A common method of backing up a MySQL database is to use the mysqldump back-up program. This program is installed alongside MySQL, and can be invoked from the command prompt. This exercise assumes that your database is hosted on IGOR.

  • SSH into the IGOR via terminal: ssh USERNAME@doc.gold.ac.uk
  • cd into your application's sql directory (e.g. cd public_html/dnw/USERNAME_recordstore/sql)
  • Run the mysqldump program to create a back-up: mysqldump --databases DB_NAME > NAME_OF_OUTPUT_FILE.sql -p The --databases option tells the program we want it to specify the database(s) to include in the dump. Alternatively, if you want to dump all your databases, you could replace this and the database name with, --all-databases. Using either of these options will include the CREATE DATABASE and USE queries in the dump, meaning that a fresh copy of this database, with the exact same name, will be created whenever this dump file is 'restored'.
  • Open up the resulting dump file in an editor and see what it contains!
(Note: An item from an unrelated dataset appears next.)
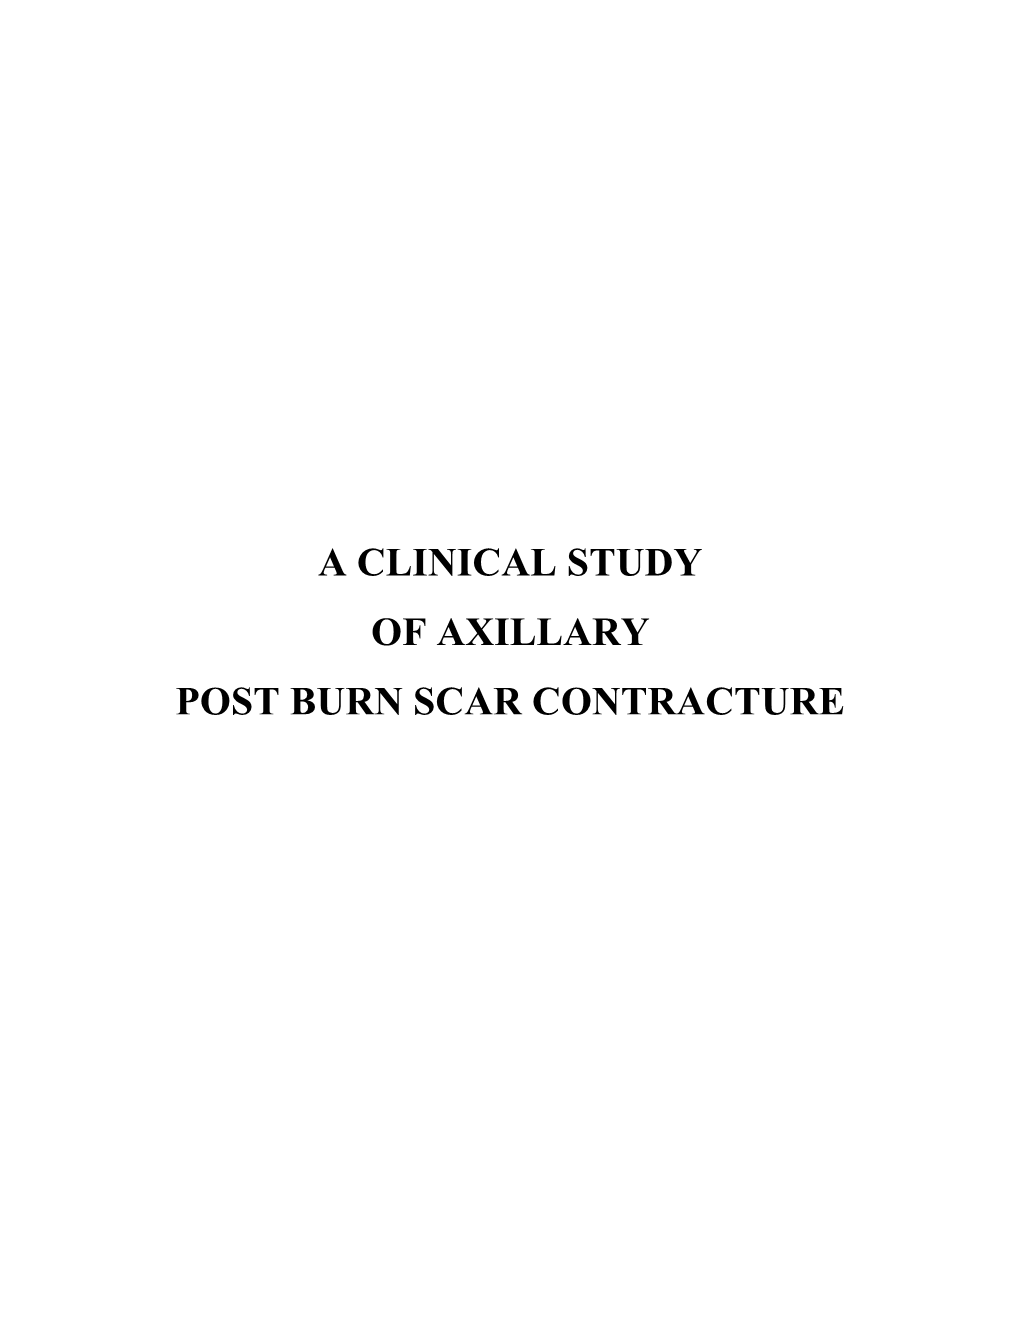 A Clinical Study of Axillary Post Burn Scar Contracture

Restore a database using mysqldump

  • Swap dump files with the person next to you (you could do this by email, as your files will be small). If you haven't got someone to share with, you can use my example (under week-9 in lab exercises).
  • Make sure their dump file is saved into your sql folder on IGOR
  • Open the file and locate the CREATE DATABASE and USE statements (near the start of the file)
  • In both statements, edit the database name to be something else, something like: USERNAME_cloned_db
  • Restore their database in your own MySQL namespace: mysql -u USERNAME < THEIR_DUMP_FILE.sql -p
  • Check to see if a copy of their database has been cloned in your namespace, either via the phpMyAdmin application, or by accessing the mysql shell: mysql -u USERNAME -p From the mysql shell: SHOW DATABASES; -- To check the database was created USE USERNAME_cloned_db; -- To switch to the cloned database SHOW TABLES; -- To list the tables in the schema SELECT * FROM tbl_name; -- To browse the contents of a particular table

Back-up data in a text file

Another way to back-up or share data from your database is to output the result of a SELECT query into a text file using the OUTFILE clause. This might be useful if you want to open your data in another software, such as Excel.

Because OUTFILE attempts to write the output file to the mysql server (which you don't have the 'privilege' to do), you will not be able to execute your query from the mysql shell directly. Instead you must execute your query from the IGOR command prompt.

  • SSH into IGOR
  • Decide which of your tables you would like to output the data from, and run the following (replacing tbl_name with your chosen table name): mysql DATABASE_NAME -e "SELECT * FROM tbl_name" > text_dump.csv -p You could also include a table join in your SQL query, if you want to make it more interesting!
  • Open the resulting file in Excel. You may be prompted at the start to specify the delimiter that is used in the file (in this case, tabs).

Extension

If you managed all of that without much difficulty, you may want to consider installing a local copy of MySQL DBMS, in order for you to explore its Access Control System. Please note, this is only a suggestion - not a requirement!